Il massacro della scuola Zo al-Nourin

Un caso concreto e’ quanto accaduto ad un gruppo di sfollati sunniti iracheni, in fuga dalla zona di conflitto. Intercettati dal Battaglione al-Khorosani, i profughi sono stati arrestati. Gli uomini sono stati divisi dalle donne e circa 1000 persone di eta’ compresa tra i 12 e i 50 anni, sono stati portati in una scuola chiamata Zo al-Nourin, sulla strada tra Boukash e al-Saqlawiyah. Ovviamente, quasi tutti i fermati erano maschi.

Nella scuola, quindi, i detenuti sono stati accusati – senza alcuna prova – di essere responsabili del massacro di Camp Speicher, quando il 12 giugno del 2014 Isis ha attaccato una base aerea del Governo di Baghdad, uccidendo 1700 cadetti, tutti Sciiti. Dei testimoni sopravvissuti hanno riportato che i miliziani sciiti della al-Khorosani hanno ucciso almeno 300 prigionieri sunniti nella scuola e altri ancora in un hangar presso al-Saqlwiyah.

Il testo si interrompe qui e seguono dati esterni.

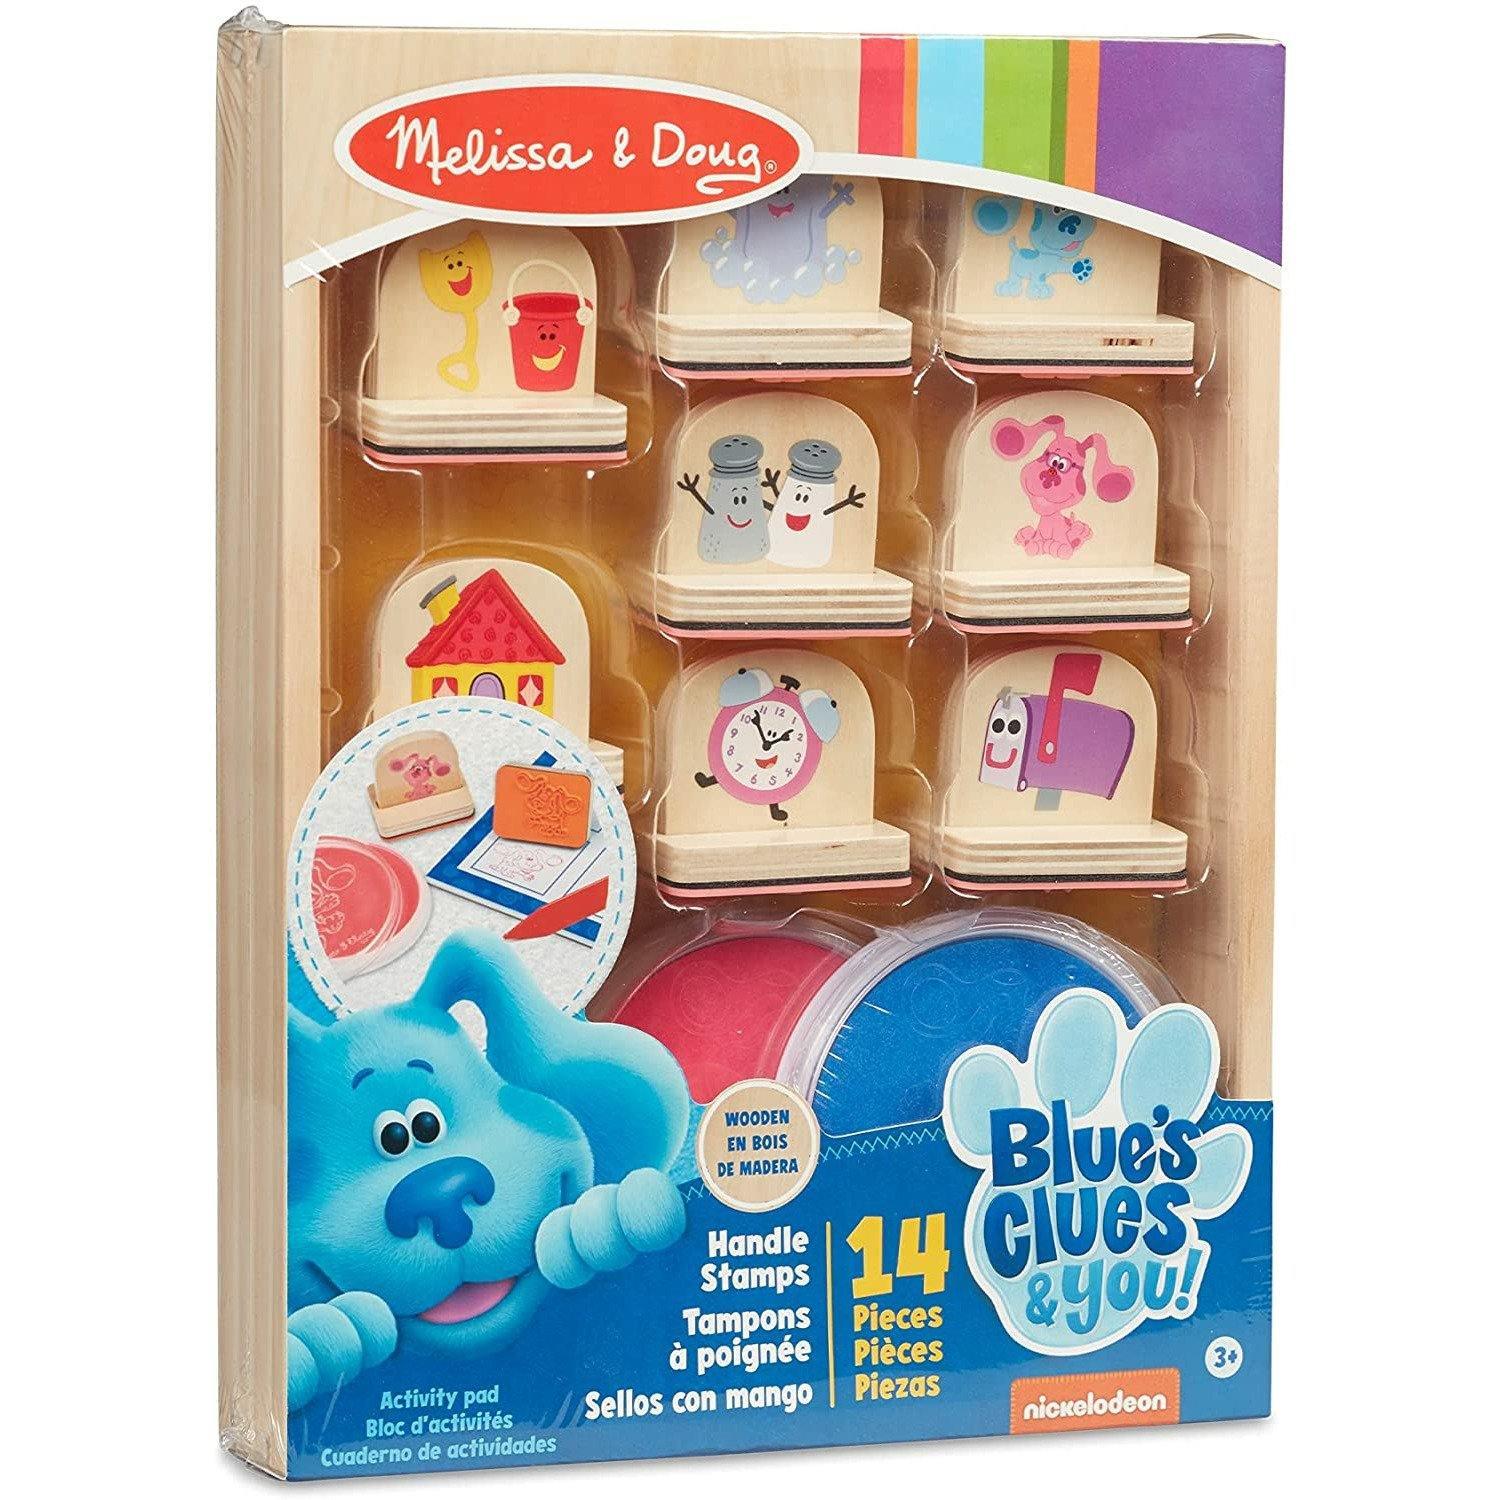 Melissa & Doug Blue's Clues & You! Wooden Handle Stamps and Activity Pad (15 Pieces) - BumbleToys - 4, 4+ Years, Blackboards & Easels, Boys, Girls, OXE, Stationery & Stickers
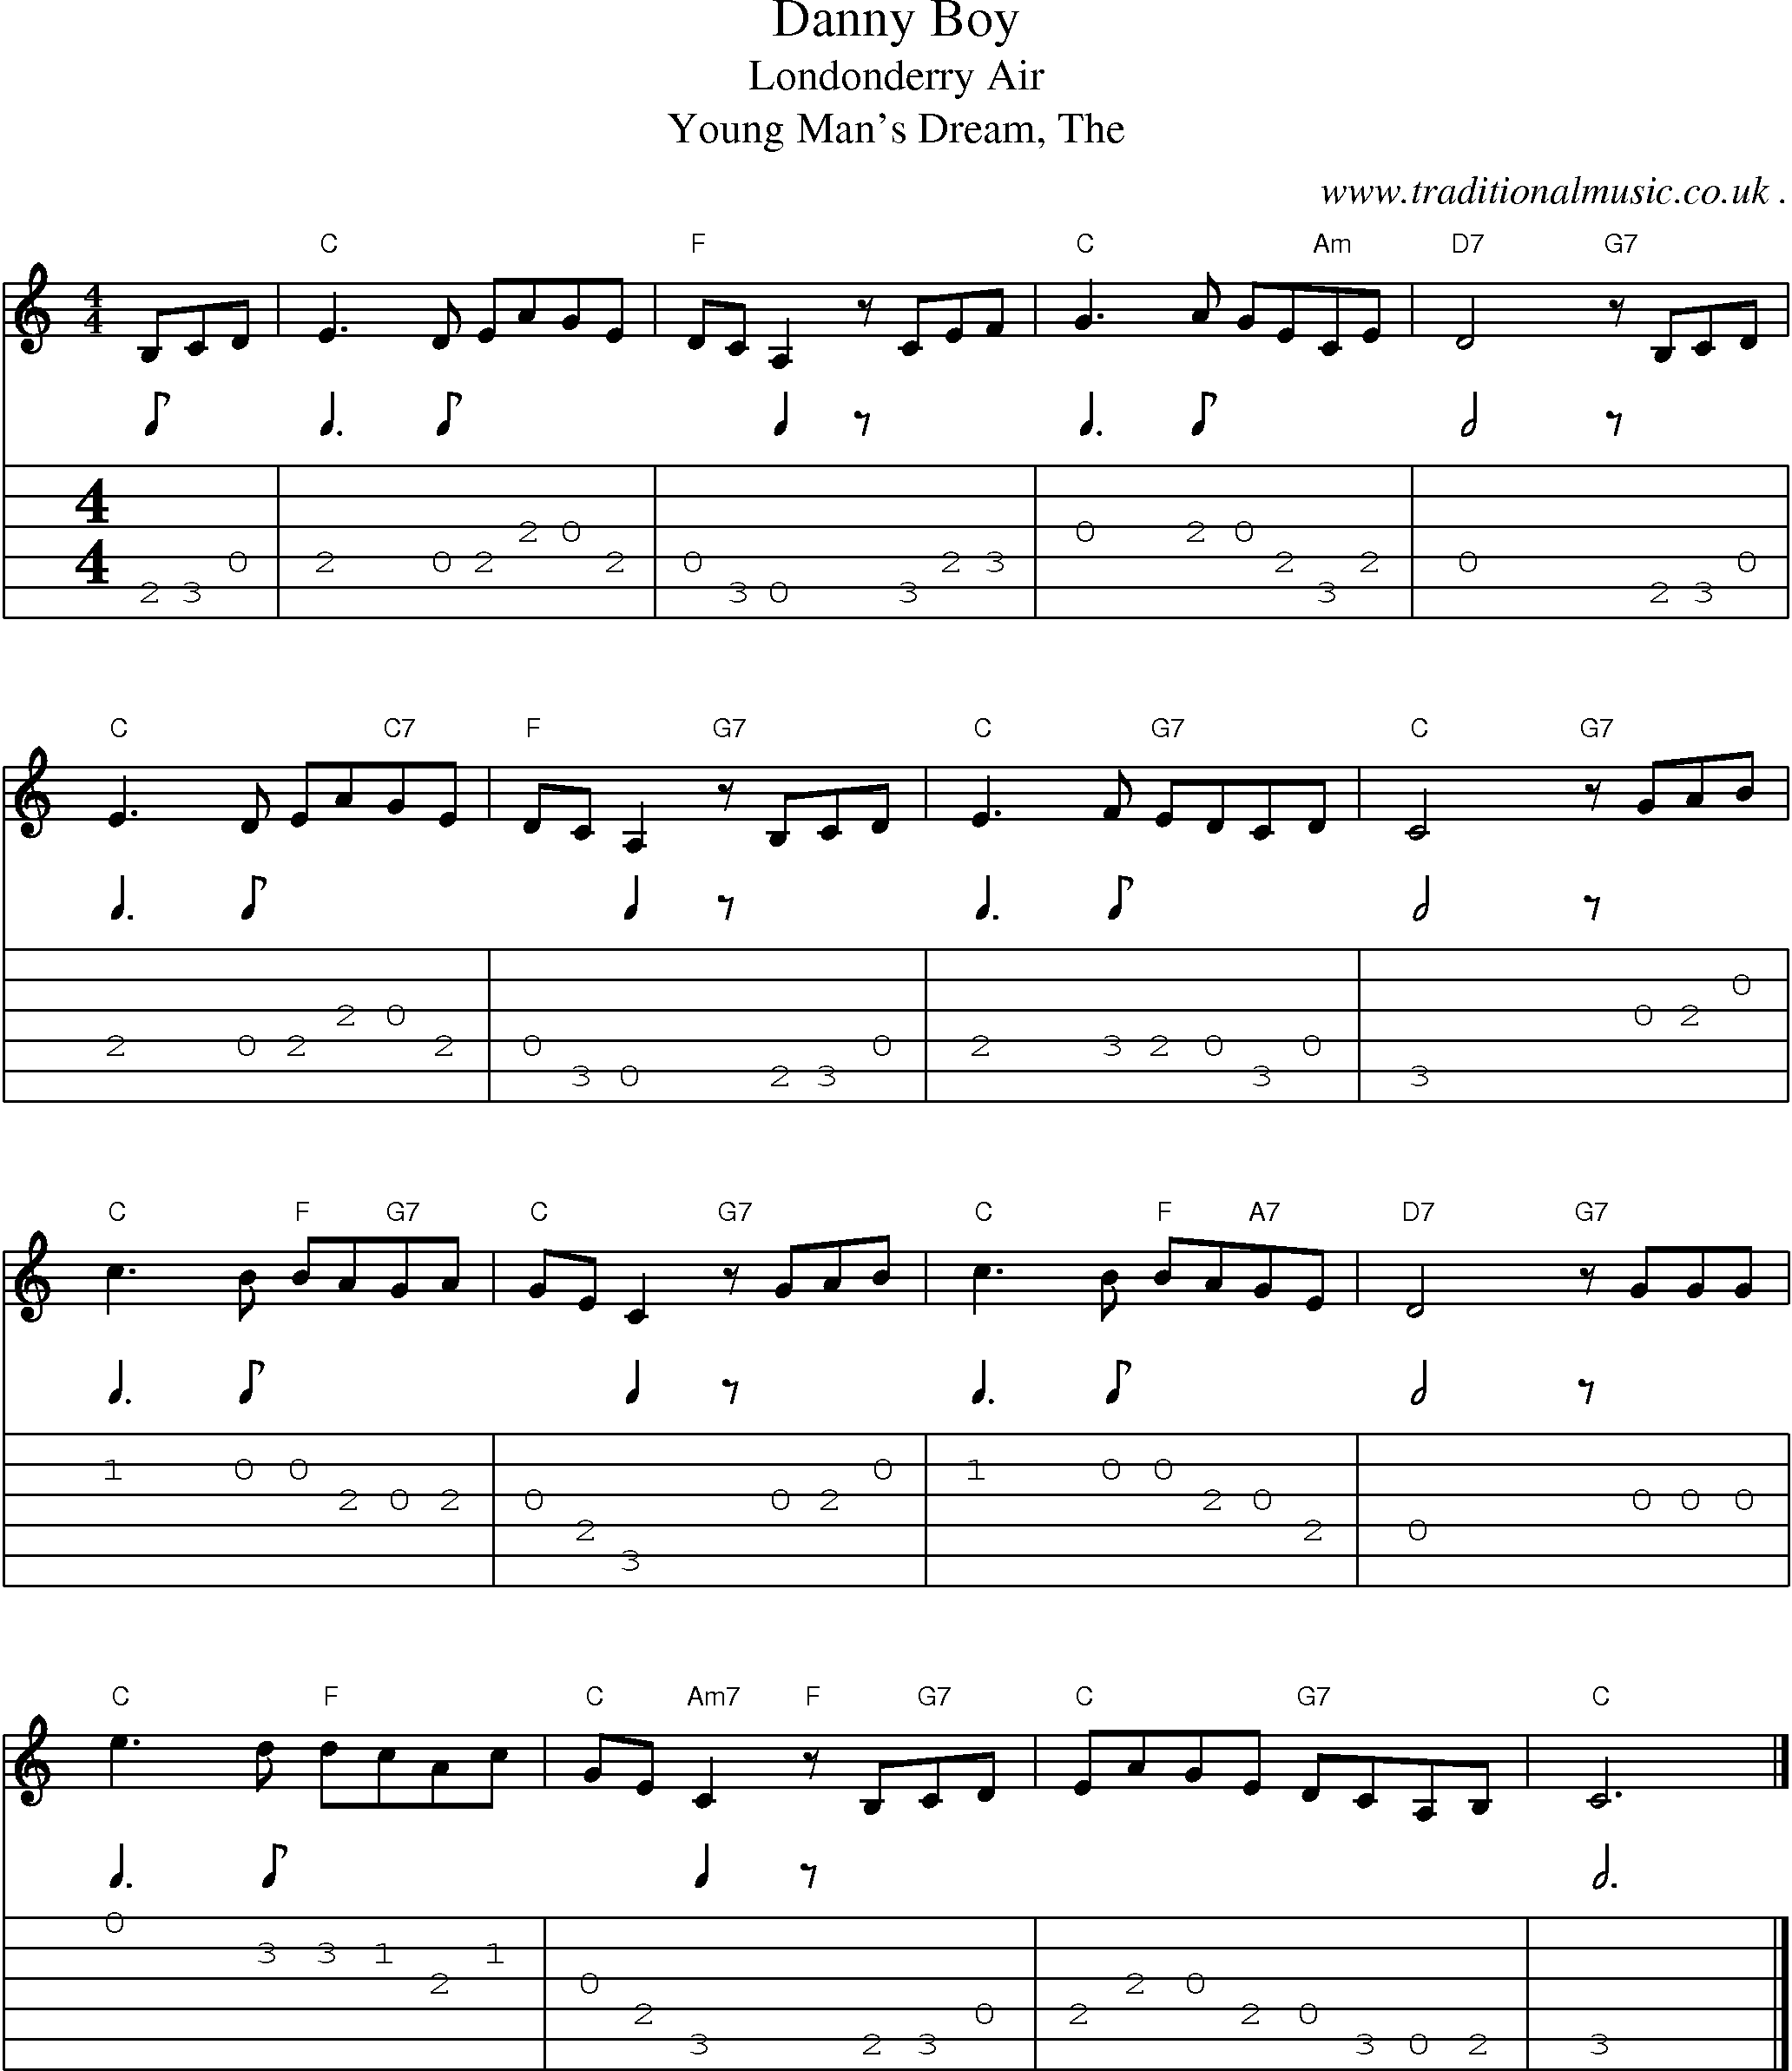 Music Score and Guitar Tabs for Danny Boy

Il massacro della scuola Zo al-Nourin ha determinato la protesta di alcuni membri del Parlamento iracheno. Una delegazione di parlamentari, guidata da Ghazi al-Muhammadi, ha quindi visitato il resto dei prigionieri, trasferiti nel frattempo presso il campo di al-Mazra. Qui, la delegazione ha trovato solamente 605 maschi, sui 1000 iniziali che erano stati fermati dalla milizia sciita.

Risultato? La tribù di al-Mahamda, a cui la maggior parte dei prigionieri sunniti apparteneva, ha giurato fedelta’ ad Isis, rivoltandosi contro il Governo di al-Abadi (Middle East Briefing).

La stessa Forza di Mobilitazione Popolare, guidata da Abu Mahdi al-Muhandis (inserito nella lista dei terroristi dagli Stati Uniti), ha commesso numerose atrocità nei confronti dei civili sunniti nelle aree “liberate” di Saqlawiyah e al-Karmah, a pochi chilometri da Fallujah. Massacri provati e denunciati direttamente dalle Nazioni Unite (Middle East Briefing).

Gli obiettivi sono chiari

Il regime iraniano ha in Mediorinte degli obiettivi molto chiari. Eccoli sintetizzati:

  • Approfondire il conflitto settario e dividere all’interno diversi Paesi Arabi, proprio sul modello di Hezbollah in Libano (un Paese che da due anni non elegge un Presidente…). Per questo l’Iran ha usato al-Maliki in Iraq per escludere i sunniti dal potere, un fatto che ha posto le premesse per la rinascita di al-Qaeda in Iraq, ovvero della base di Isis;
  • Creare i Pasdaran in Siria e Iraq, allo scopo di assicurare la proiezione strategica del regime iraniano verso il Mediterraneo. Un ponte che, passando per Baghdad e Damasco, arriva appunto a Beirut. Qui, Hezbollah svolge la parte chiave, perché rappresenta anche la via iraniana per attaccare Israele e trasportare verso l’esterno le tensioni che l’Iran rischia di avere al suo interno;
  • La missione dei “nuovi Pasdaran” e’ precisamente quella di incutere terrore nella popolazione sunnita che non si sottomette e di avviare una vera e propria pulizia etnica (dai sunniti), nelle aree che Teheran ritiene strategiche ai suoi interessi. Questo progetto, deve anche riuscire ad evitare che i sunniti creino delle loro forze paramilitari, per combattere la supremazia sciita filo-iraniana.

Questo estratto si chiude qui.